Havelock Ellis is better known as a pioneering sexologist but I’ve just found this account of a young man with striking synaesthesia from a 1904 edition of the British Journal of Psychiatry
Ellis is apparently recounting a case from a Dr. Ulrich of the ‘Asylum for Epileptics at Zurich’, which I suspect is because he is summarising the original French report for the readers of the BJP.
The patient is described as acquiring epilepsy after catching measles at the age of three and having experiencing ongoing neurological impairment as a result, particularly with memory problems.
However, he does have a striking form of synaesthesia, where the senses become crossed, and the description is appropriately vivid:
From his earliest years voices have had colours to him, and he can hear nothing without a definite colour impression. The colours are very delicate, and transparent, like the colours of the prism; he does not actually see them before his eyes, but seems to hear them at the same time as he sees them. The vowel sounds have the most intense colours, which are here fully described, as well as the colours of musical instruments, cries of animals, etc. Colour hearing is, however, by no means the only form of synaesthesia presented by this subject. All the senses are affected. There is optical synaesthesia, whereby geometrical forms, etc., are coloured, and whereby also colours have faintly marked tastes.

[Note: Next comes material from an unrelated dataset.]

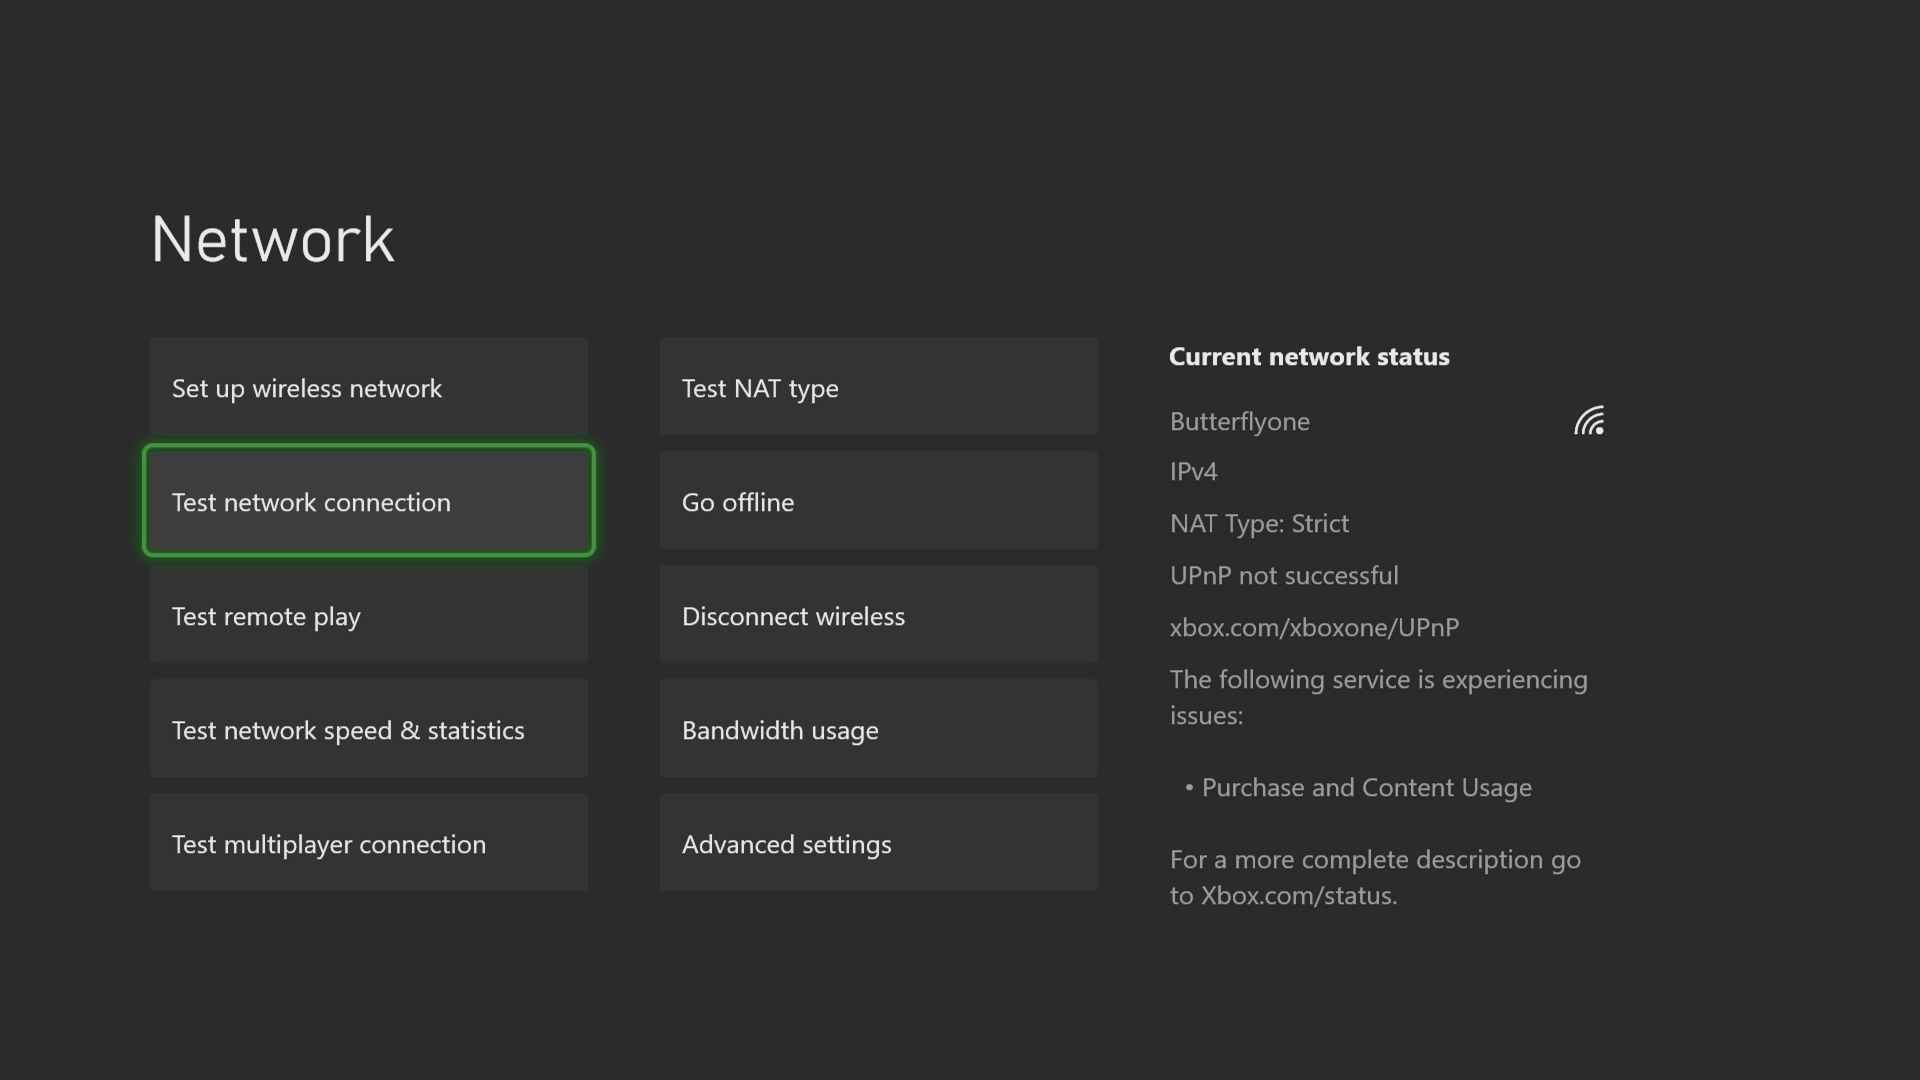 Select Test network connection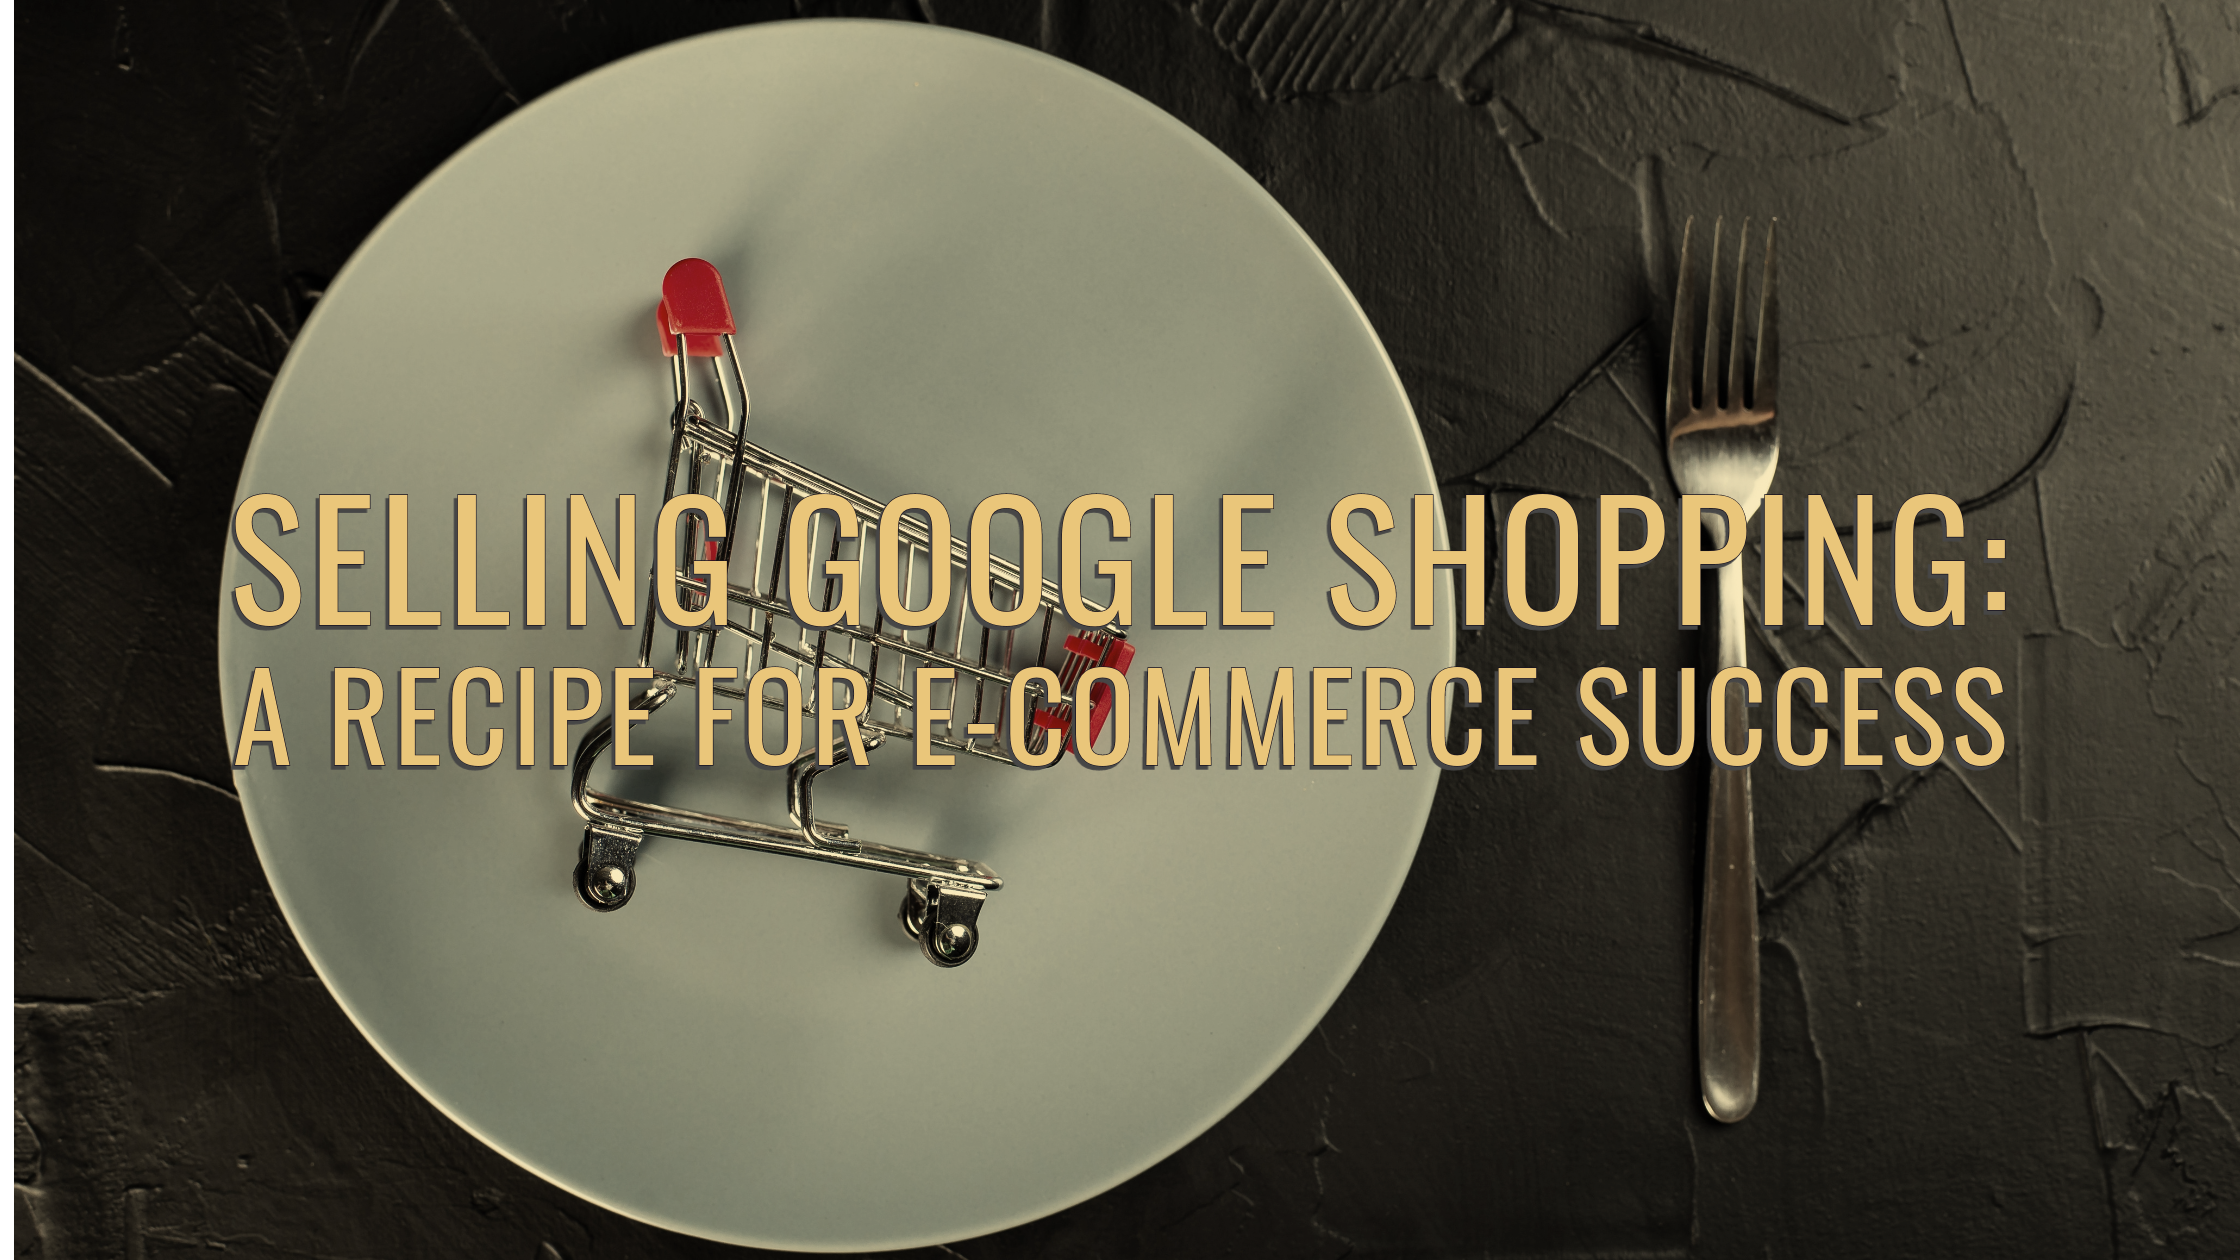 Selling Google Shopping: A Recipe for E-Commerce Success

There is, again, olfactory synaesthesia, by which odours produce colours; gustatory synaesthesia, by which tastes produce colours; and similarly tactile synaesthesia, and synaesthesia produced by painful impressions. There is finally a reciprocity of synaesthesia, by which colours recall the sensations with which they are associated. Among the points to be noted are that pains produce sensations of taste and also of temperature, while heat sensations produce sensations of vision and also of taste, and olfactory stimuli produce both visual and taste sensations…
The phenomena are most vivid after a quick succession of fits, and at such times it occasionally happens that there is some slight mental disturbance, and the patient fancies he is bewitched by the colours. Ulrich believes that all the synaesthesias so far known are combined in the person of his subject.
Although Ellis is one of the founders of sexology, he admitted in his autiobiography that he was impotent until the age of 60.
Link to entry in the British Journal of Psychiatry archive.
Impotent *until* the age of 60? That’s strange. Did he say why?